Influence of trace erythromycin and erythromycin-H(2)O on carbon and nutrients removal and on resistance selection in sequencing batch reactors (SBRs)

Three sequencing batch reactors (SBRs) were operated in parallel to study the effects of trace erythromycin (ERY) and ERY-H(2)O on the treatment of a synthetic wastewater. Through monitoring (1) daily effluents and (2) concentrations of nitrogen (N) and phosphorous (P) in certain batch cycles of the three reactors operated from transient to steady states, the removal of carbon, N, and P was affected negligibly by ERY (100 µg/L) or ERY-H(2)O (50 µg/L) when compared with the control reactor. However, through analyzing microbial communities of the three steady state SBRs on high-density microarrays (PhyloChip), ERY, and ERY-H(2)O had pronounced effects on the community composition of bacteria related to N and P removal, leading to diversity loss and abundance change. The above observations indicated that resistant bacteria were selected upon exposure to ERY or ERY-H(2)O. Short-term batch experiments further proved the resistance and demonstrated that ammonium oxidation (56–95%) was inhibited more significantly than nitrite oxidation (18–61%) in the presence of ERY (100, 400, or 800 µg/L).

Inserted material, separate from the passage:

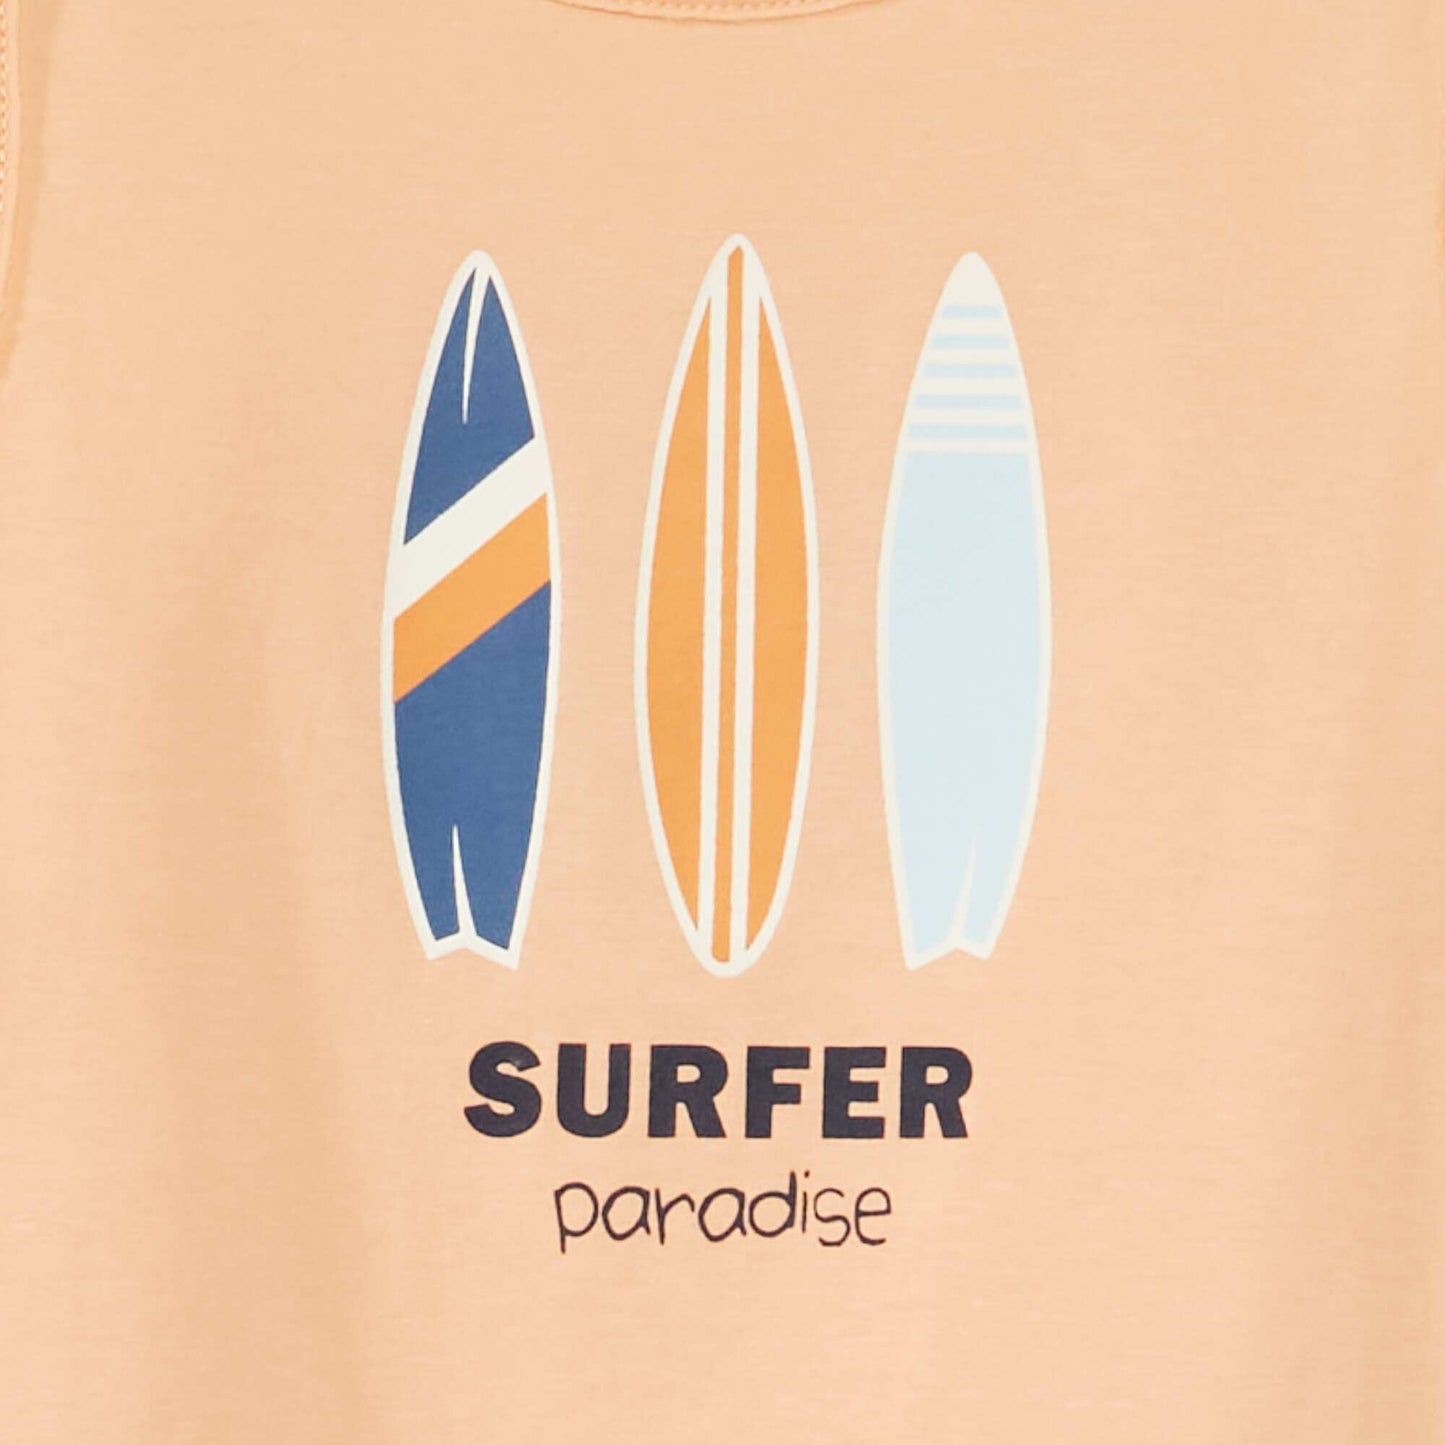 Pijama 'surf' corto + camiseta sin mangas - 2 piezas NARANJA

Therefore, the presence of ERY or ERY-H(2)O (at µg/L levels) shifted the microbial community and selected resistant bacteria, which may account for the negligible influence of the antibiotic ERY or its derivative ERY-H(2)O (at µg/L levels) on carbon, N, and P removal in the SBRs. ELECTRONIC SUPPLEMENTARY MATERIAL: The online version of this article (doi:10.1007/s00253-009-2201-7) contains supplementary material, which is available to authorized users.